We can’t say this enough. You WILL eventually create an infinite stream, accidentally. Take the following stream, for instance: 

IntStream.iterate(0, i -> ( i + 1 ) % 2)
         .distinct()
         .limit(10)
         .forEach(System.out::println);
So…
  • we generate alternating 0’s and 1’s
  • then we keep only distinct values, i.e. a single 0 and a single 1
  • then we limit the stream to a size of 10
  • then we consume it
Well… the distinct() operation doesn’t know that the function supplied to the iterate() method will produce only two distinct values. It might expect more than that. So it’ll forever consume new values from the stream, and the limit(10) will never be reached. Tough luck, your application stalls.

4. Accidentally creating “subtle” parallel infinite streams

We really need to insist that you might accidentally try to consume an infinite stream. Let’s assume you believe that the distinct() operation should be performed in parallel. You might be writing this: 

IntStream.iterate(0, i -> ( i + 1 ) % 2)
         .parallel()
         .distinct()
         .limit(10)
         .forEach(System.out::println);
Now, we’ve already seen that this will turn forever. But previously, at least, you only consumed one CPU on your machine. Now, you’ll probably consume four of them, potentially occupying pretty much all of your system with an accidental infinite stream consumption. That’s pretty bad. You can probably hard-reboot your server / development machine after that. Have a last look at what my laptop looked like prior to exploding:
If I were a laptop, this is how I'd like to go.
If I were a laptop, this is how I’d like to go.

5. Mixing up the order of operations

So, why did we insist on your definitely accidentally creating infinite streams? It’s simple. Because you may just accidentally do it. The above stream can be perfectly consumed if you switch the order of limit() and distinct(): 

IntStream.iterate(0, i -> ( i + 1 ) % 2)
         .limit(10)
         .distinct()
         .forEach(System.out::println);
This now yields: 
0
1
Why? Because we first limit the infinite stream to 10 values (0 1 0 1 0 1 0 1 0 1), before we reduce the limited stream to the distinct values contained in it (0 1). Of course, this may no longer be semantically correct, because you really wanted the first 10 distinct values from a set of data (you just happened to have “forgotten” that the data is infinite). No one really wants 10 random values, and only then reduce them to be distinct. If you’re coming from a SQL background, you might not expect such differences. Take SQL Server 2012, for instance. The following two SQL statements are the same: 

-- Using TOP
SELECT DISTINCT TOP 10 *
FROM i
ORDER BY ..

-- Using FETCH
SELECT *
FROM i
ORDER BY ..
OFFSET 0 ROWS
FETCH NEXT 10 ROWS ONLY
So, as a SQL person, you might not be as aware of the importance of the order of streams operations. jOOQ, the best way to write SQL in Java

6. Mixing up the order of operations (again)

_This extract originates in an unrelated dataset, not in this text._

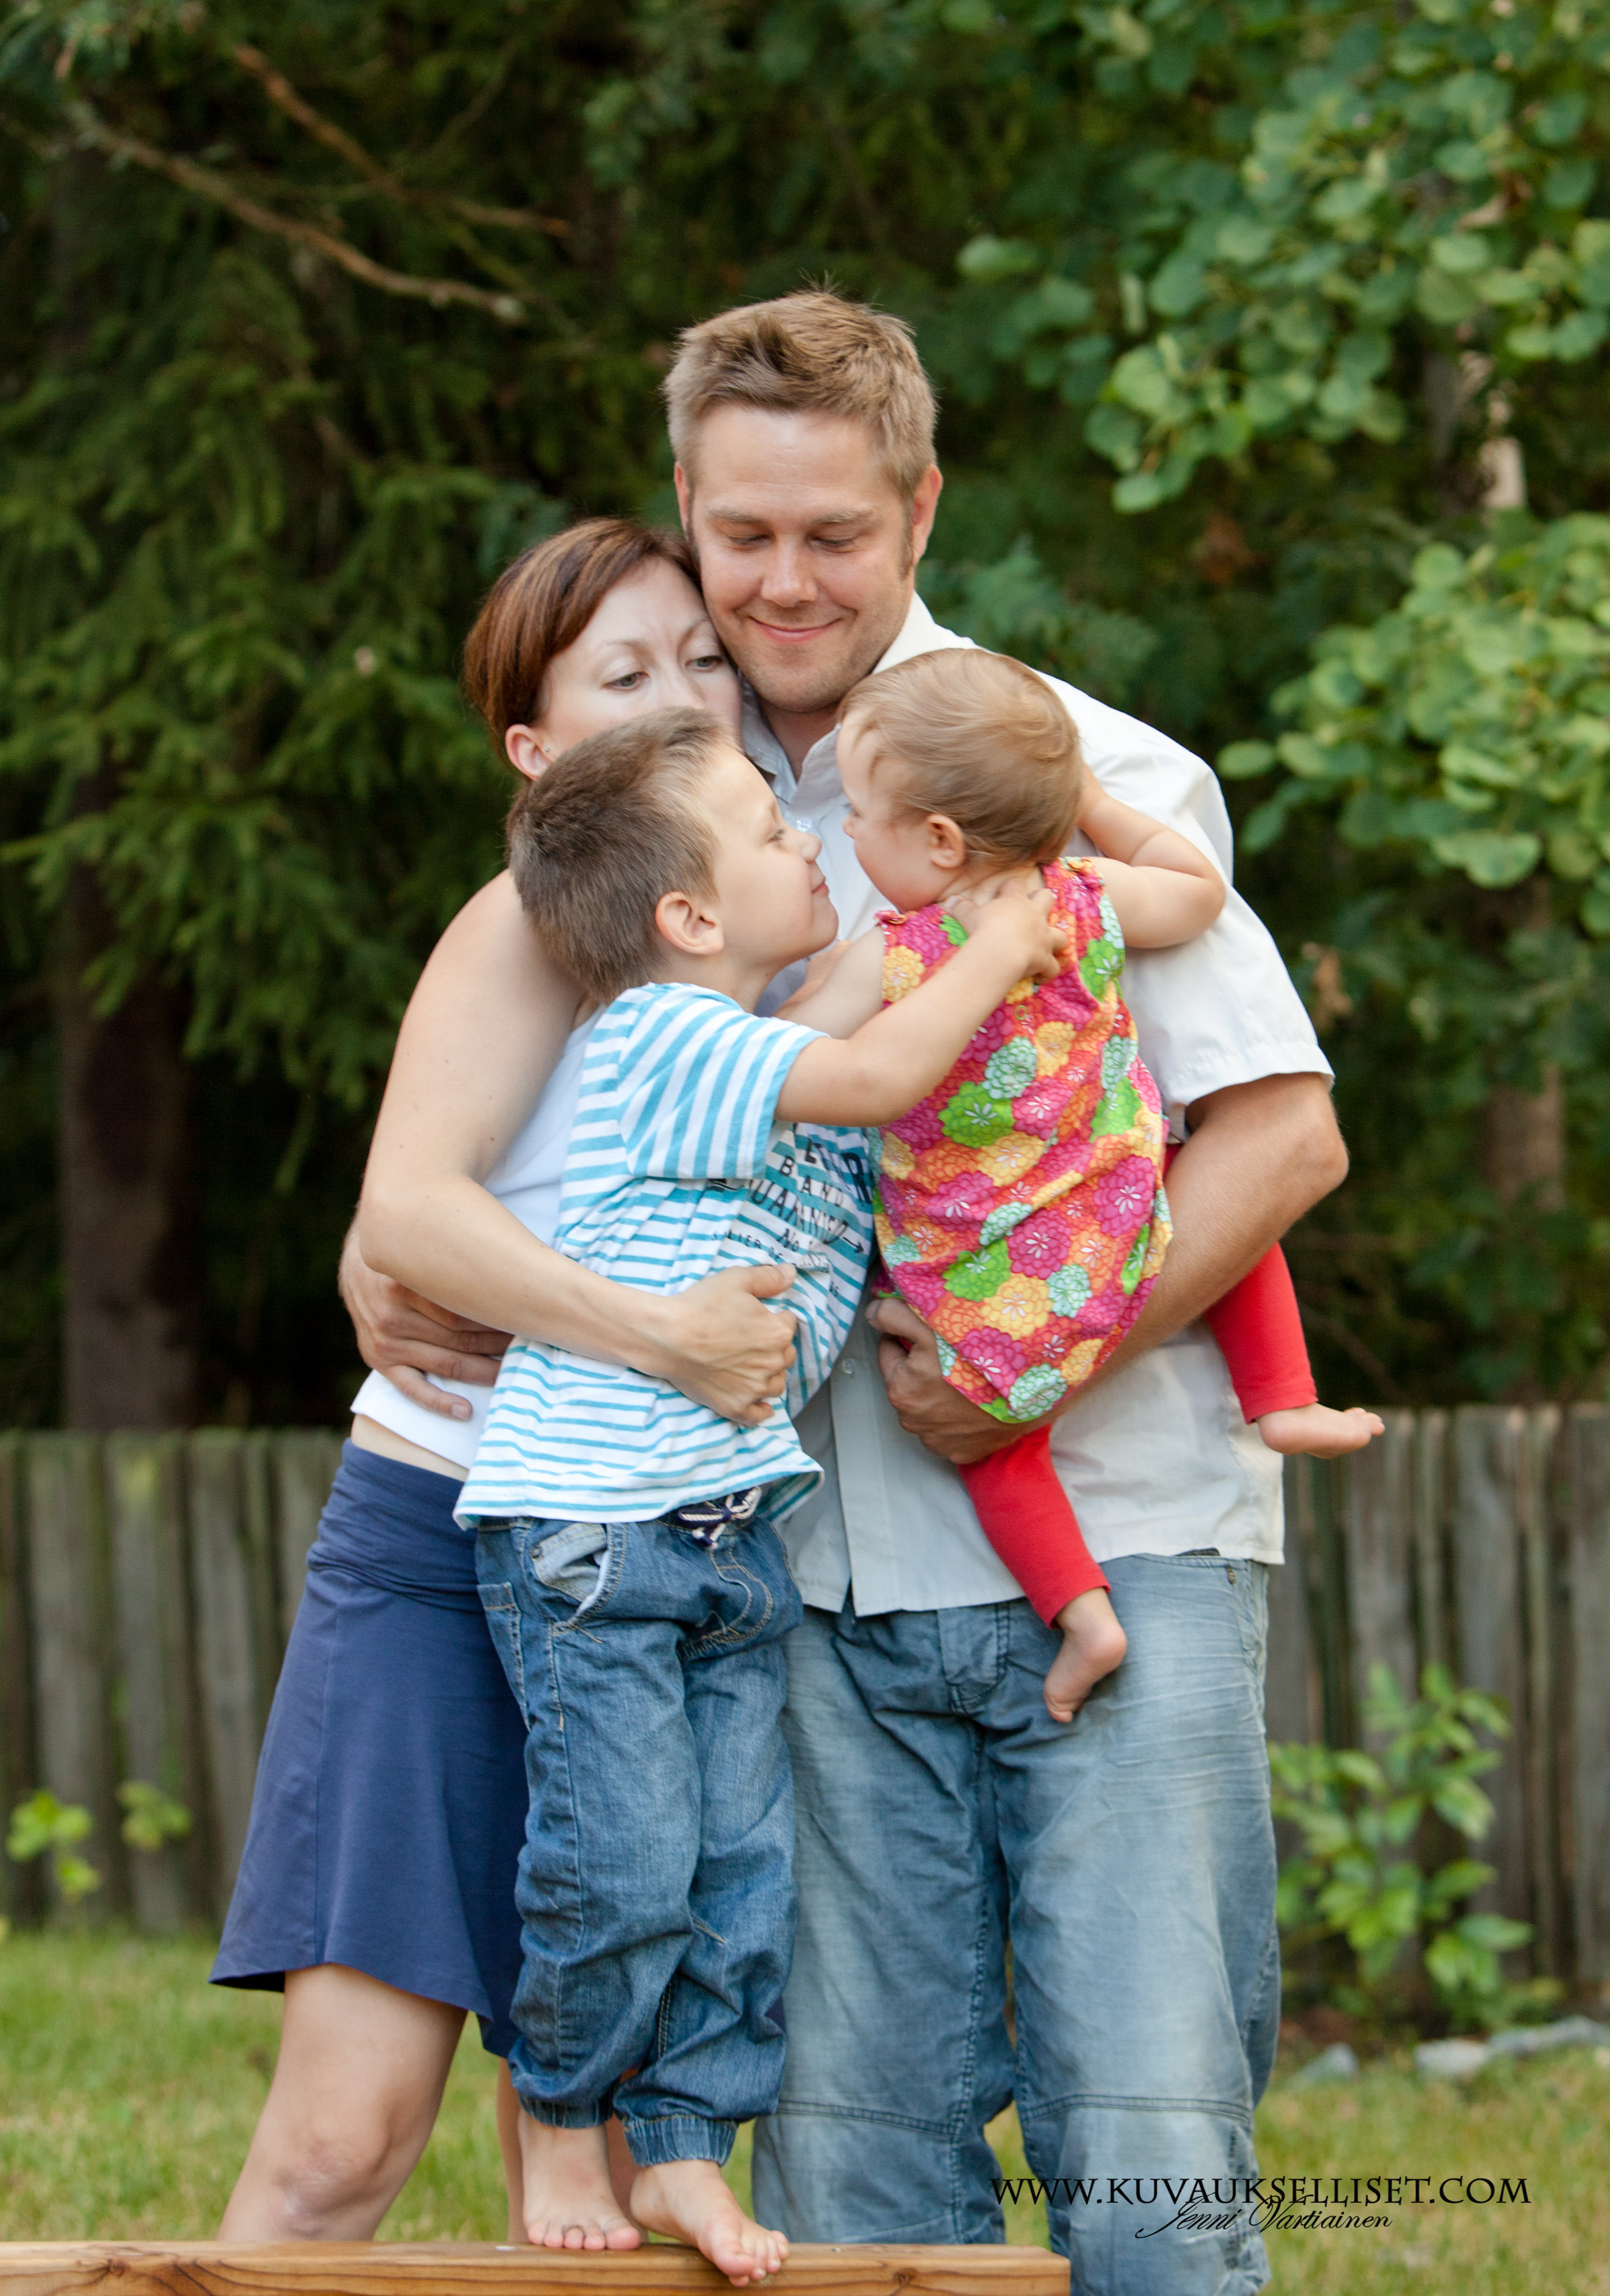 2014.8.13 lapsikuvaus miljöökuvaus perhekuvaus sisaruskuvaus family pictures child photoo (5 of 5)

Speaking of SQL, if you’re a MySQL or PostgreSQL person, you might be used to the LIMIT .. OFFSET clause. SQL is full of subtle quirks, and this is one of them. The OFFSET clause is applied FIRST, as suggested in SQL Server 2012’s (i.e. the SQL:2008 standard’s) syntax. If you translate MySQL / PostgreSQL’s dialect directly to streams, you’ll probably get it wrong: 

IntStream.iterate(0, i -> i + 1)
         .limit(10) // LIMIT
         .skip(5)   // OFFSET
         .forEach(System.out::println);
The above yields 
5
6
7
8
9
Yes. It doesn’t continue after 9, because the limit() is now applied first, producing (0 1 2 3 4 5 6 7 8 9). skip() is applied after, reducing the stream to (5 6 7 8 9). Not what you may have intended. BEWARE of the LIMIT .. OFFSET vs. "OFFSET .. LIMIT" trap!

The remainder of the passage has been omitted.